Your answer should be the lines below from the one holding "Suppliers of Roman" through the one holding "H&M Womens Black", copied exactly and with nothing else.
[Input material]
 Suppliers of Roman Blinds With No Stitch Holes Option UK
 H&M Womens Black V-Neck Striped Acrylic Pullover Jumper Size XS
[/Input material]
[Input material]
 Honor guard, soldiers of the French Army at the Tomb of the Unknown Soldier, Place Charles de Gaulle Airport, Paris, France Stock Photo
[/Input material]
[Input material]
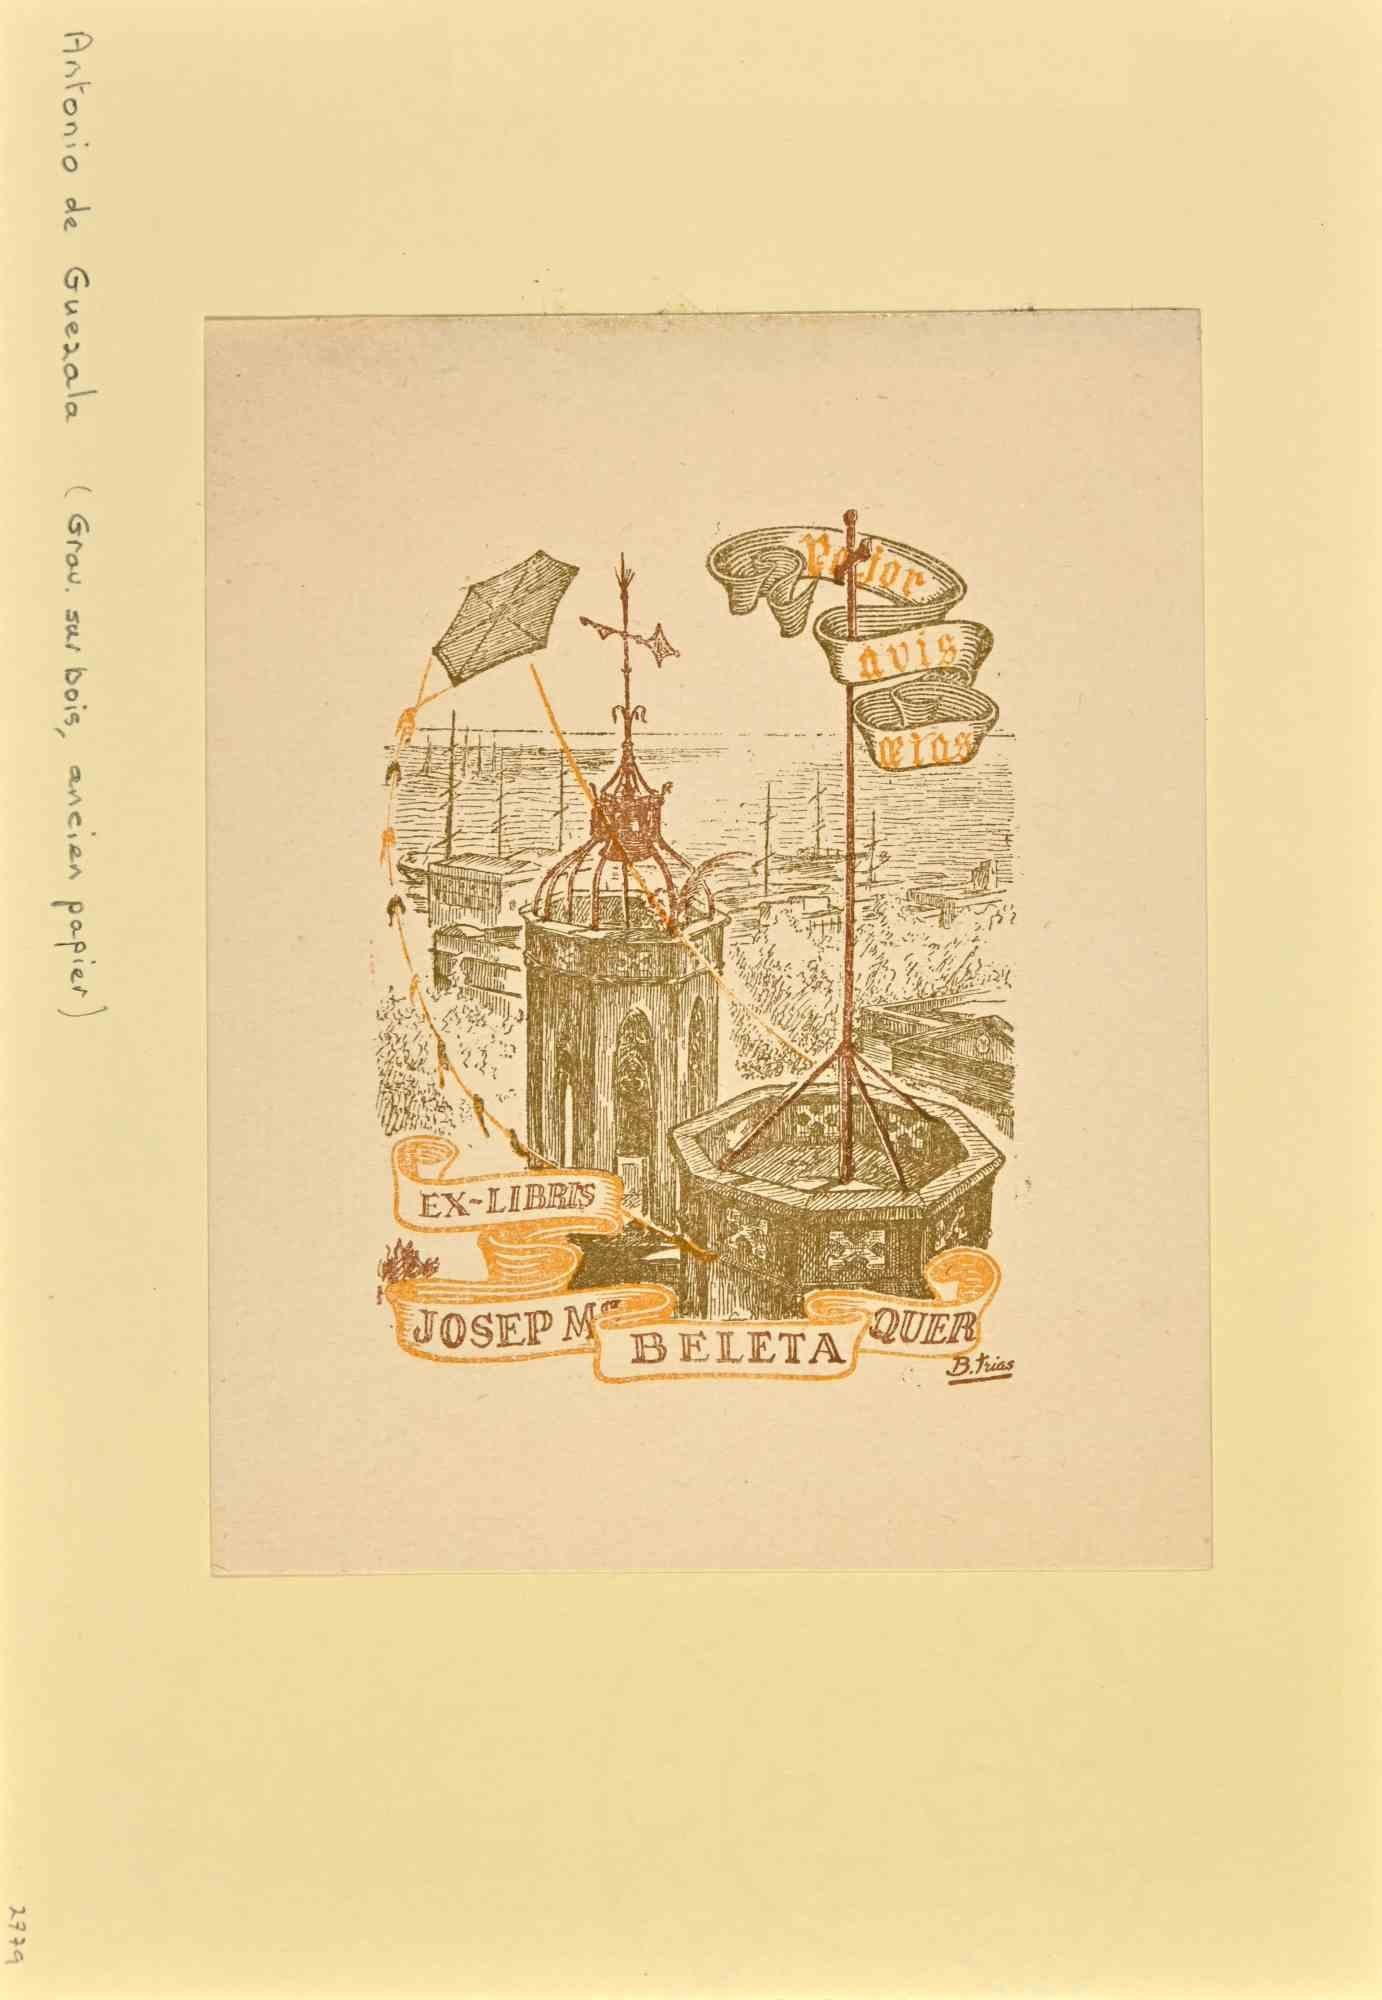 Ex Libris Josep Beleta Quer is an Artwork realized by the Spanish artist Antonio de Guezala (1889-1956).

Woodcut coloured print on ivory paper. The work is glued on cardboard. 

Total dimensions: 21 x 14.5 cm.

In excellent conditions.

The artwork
[/Input material]
▶ Problem solution:
 Suppliers of Roman Blinds With No Stitch Holes Option UK
 H&M Womens Black V-Neck Striped Acrylic Pullover Jumper Size XS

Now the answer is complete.